Еще подростком она научилась заглушать чувство потери спиртным и наркотиками. Вела, как говорили в старину, рассеянный образ жизни, который едва не свел ее в могилу. Когда, решив сделать последнюю попытку, она через много лет нашла Стефана, потребность в искусственном забвении понемногу исчезла, но грызущее чувство страха осталось. Потери за углом. Они только и ждут, чтобы впиться тебе в горло.
Машины постепенно превратились в ползущих по горизонту насекомых, а потом и совсем исчезли. Она вспомнила последние слова Стефана: Я люблю тебя. Сколько раз она слышала эту мантру. Обычная, стандартная формула... но на этот раз сказана в необычной обстановке.
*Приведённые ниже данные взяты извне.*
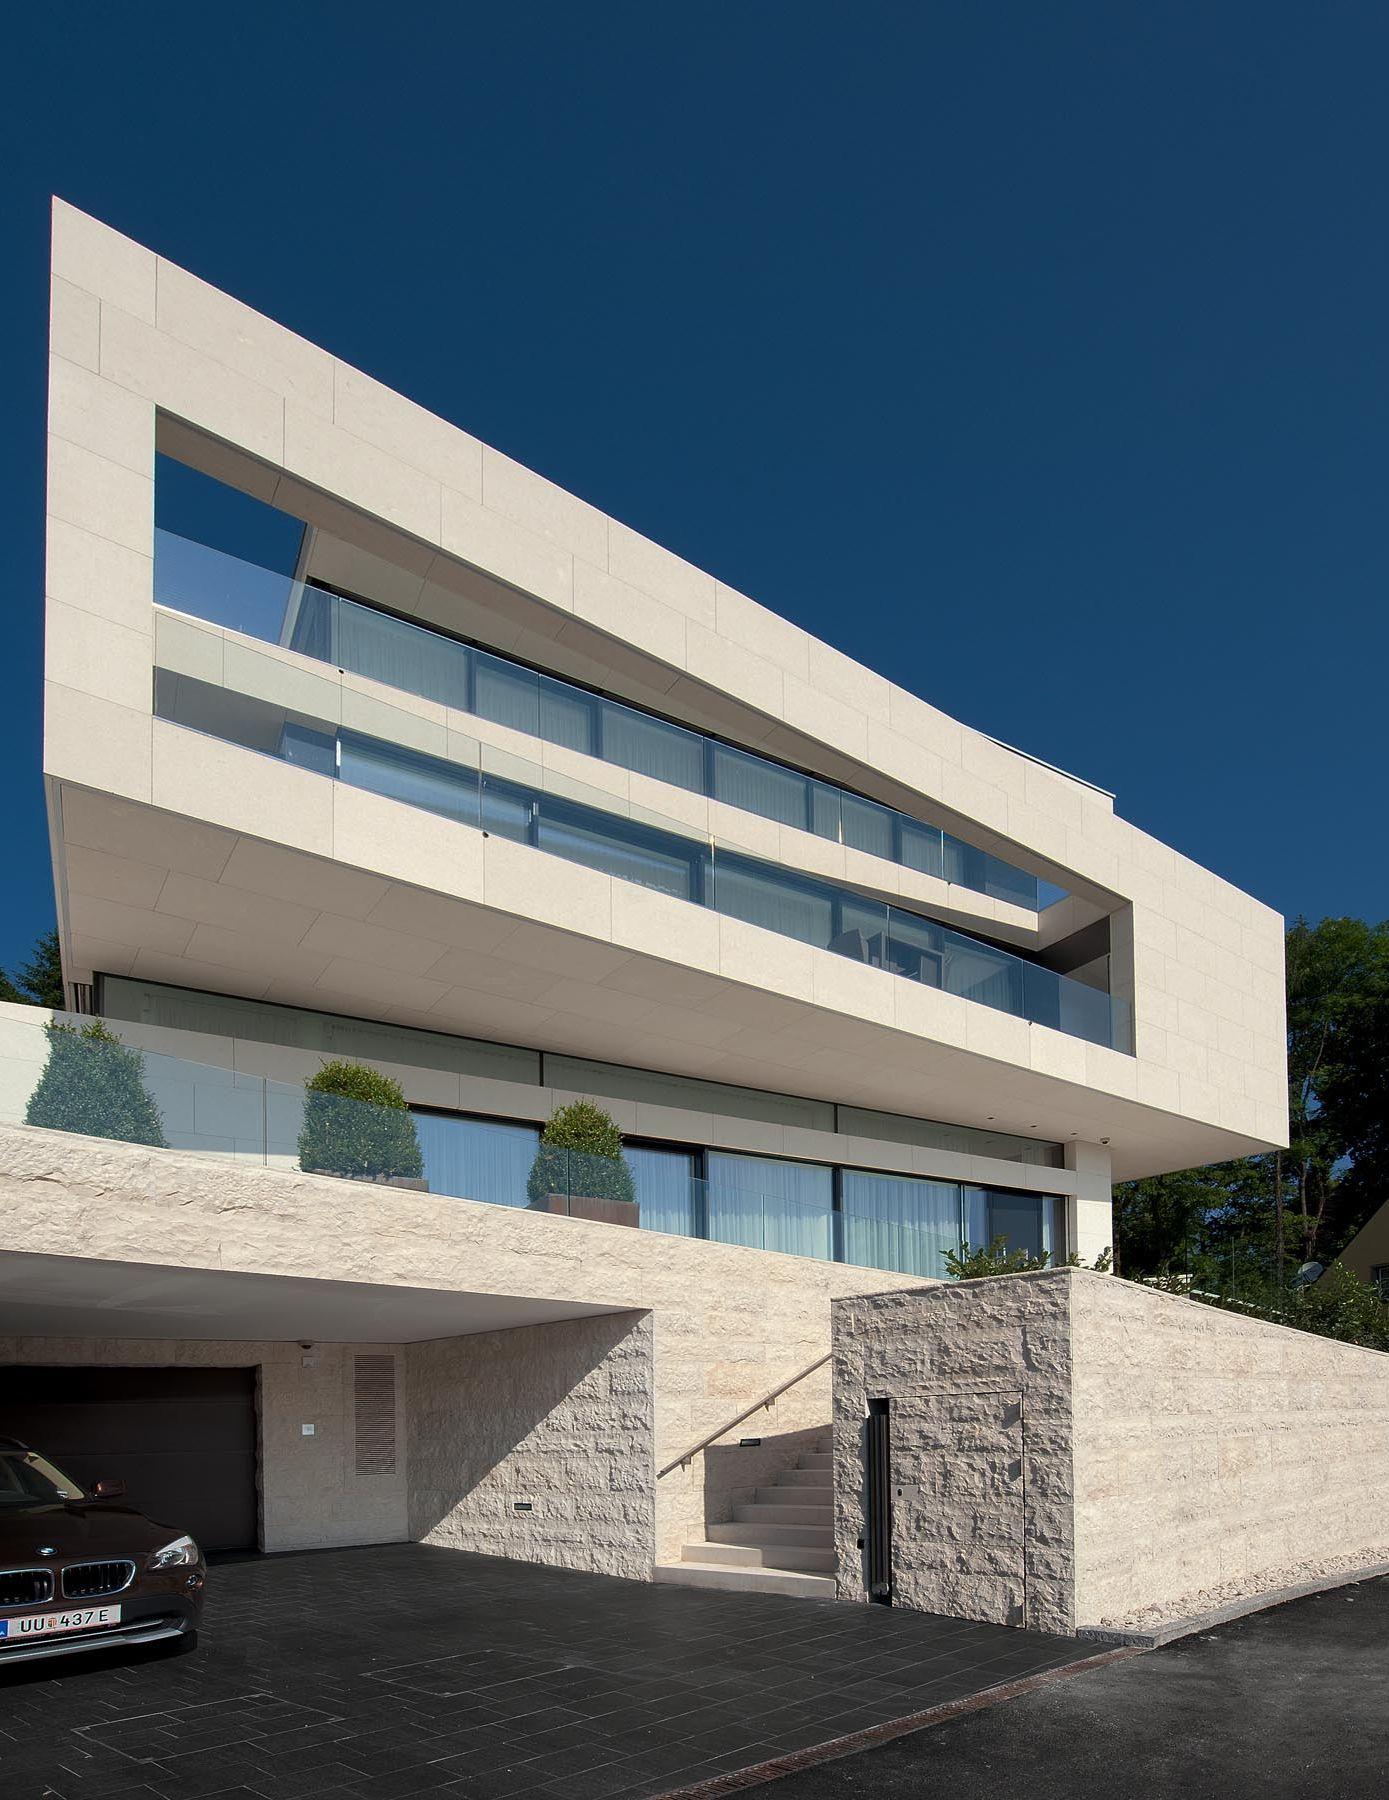 5192622ab3fc4b53ed00005b_villa-upper-austria-two-in-a-box-architekten_villa_upper_austria_-_02a_-_two_in_a_box_-_architekten

И шепотом.
Я. Люблю. Тебя.
И что? Кто угодно может произнести эти слова. И кому угодно — что там произносить. Набор букв. Ребенок говорит их плюшевому медвежонку, гангстер — своему питбулю. Актер, например, произносит эти слова чуть не каждый день — а на самом деле никого он не любит. У него одна забота — чтобы вышло правдоподобно, так, чтобы зрители подумали: он и впрямь кого-то любит.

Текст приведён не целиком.